AIM: To determine the possible role of titin, PKA and collagen in the pathophysiology of diastolic dysfunction in CCM.
HYPOTHESIS: Changes in titin expression and phosphorylation, as well as an increase in COL ratio will result in slower diastolic filling marked by an increase in the relaxation time of the cirrhotic heart.
METHODS: Cirrhosis was induced in Sprague-Dawley (175-250g) rats by bile duct ligation (BDL); controls underwent a sham operation without ligation. Four weeks after operation, diastolic function was examined in vitro in isolated functioning cardiomyocytes for any change in force, muscle length and sarcomere length. Gel electrophoresis and RT-PCR were examined for N2B and N2BA expression. RT-PCR and Western Blots were also used to examine PKA and COL levels in ventricular tissue.
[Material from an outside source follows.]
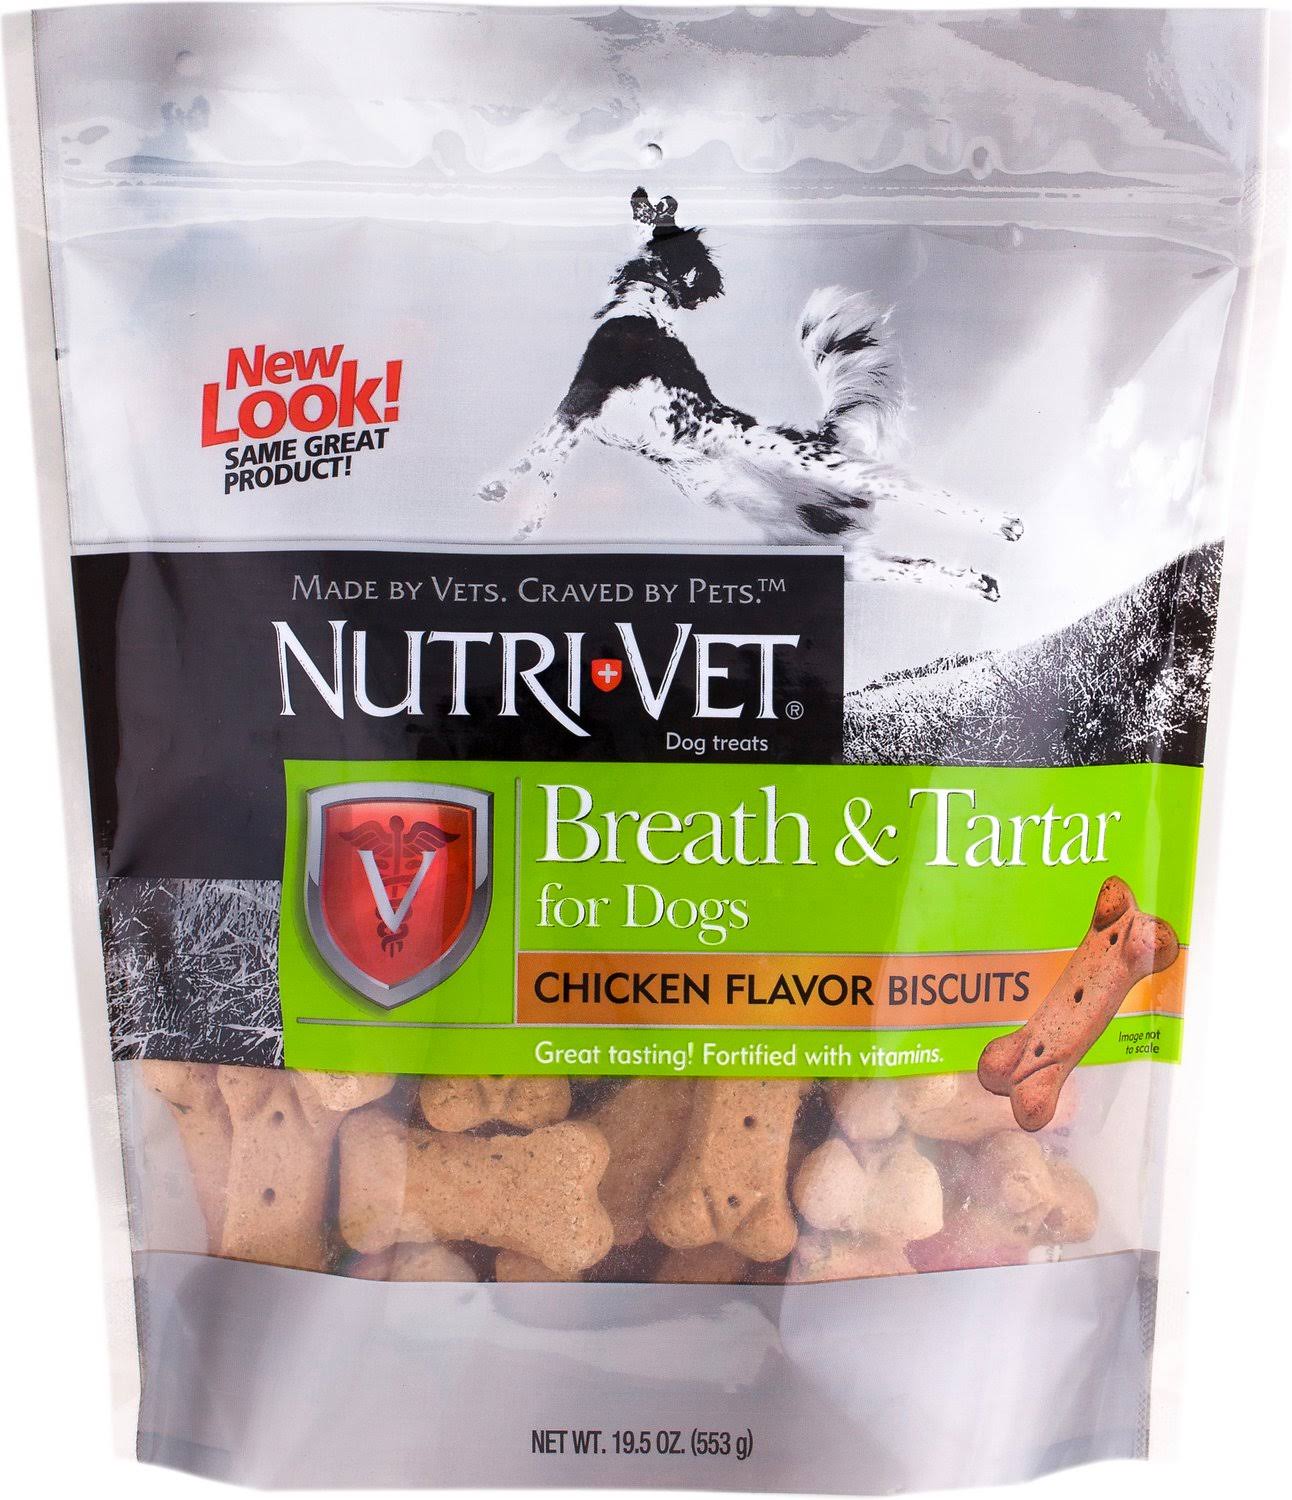 Nutri-Vet Breath & Tartar Chicken Flavored Biscuits - 19.5oz
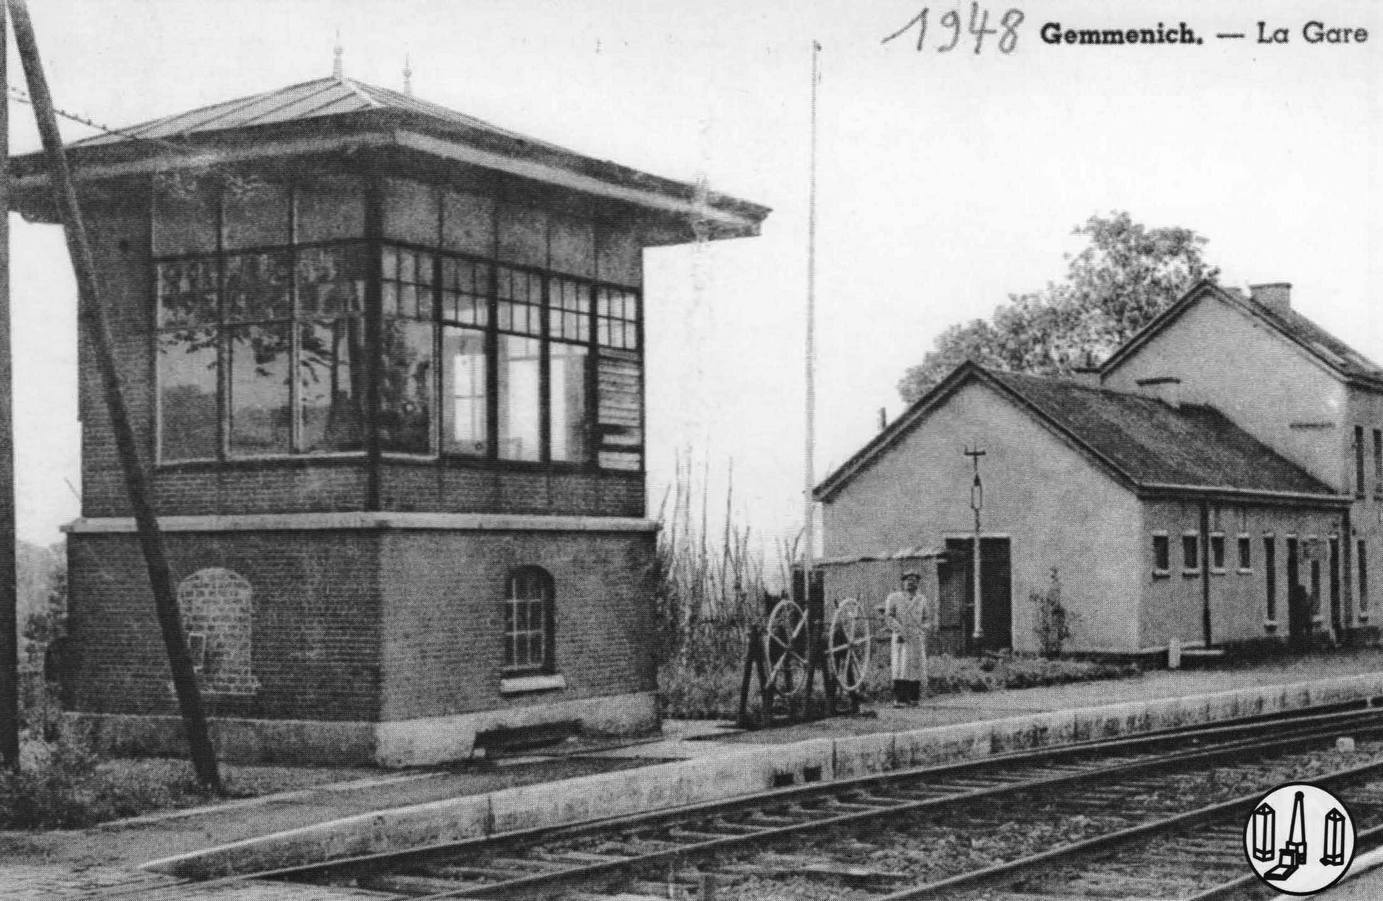 Station Gemmenich

RESULTS: We have shown previously that in the BDL isolated cardiomyocytes, diastolic return velocity was significantly decreased and the time taken to complete relaxation was increased in BDL when compared to sham groups (p<0.05). However, there was no significant difference in mRNA (p=0.43) and protein (p=0.12) levels of N2B isoform, and no visible protein levels of N2BA isoform. RT-PCR showed that PKA levels are decreased in the cirrhotic group (Sham=0.2720±0.026, BDL=0.1780±0.026). COLI was increased in BDL, while COLIII was decreased.
CONCLUSIONS: Diastolic dysfunction manifests in cirrhotic rat but titin isoforms do not appear to be the only determining factor of this condition. The reduction of PKA in the cirrhotic model corresponds to a decrease in titin phosphorylation and thus an increase in passive tension, which subsequently can result in slower diastolic filling. The increase in COLI, which forms a well-structured matrix that resists extension, and the decrease in the more compliant COLIII could be a compensatory mechanism to counteract the decreased phosphorylation of titin and the increased relaxation time.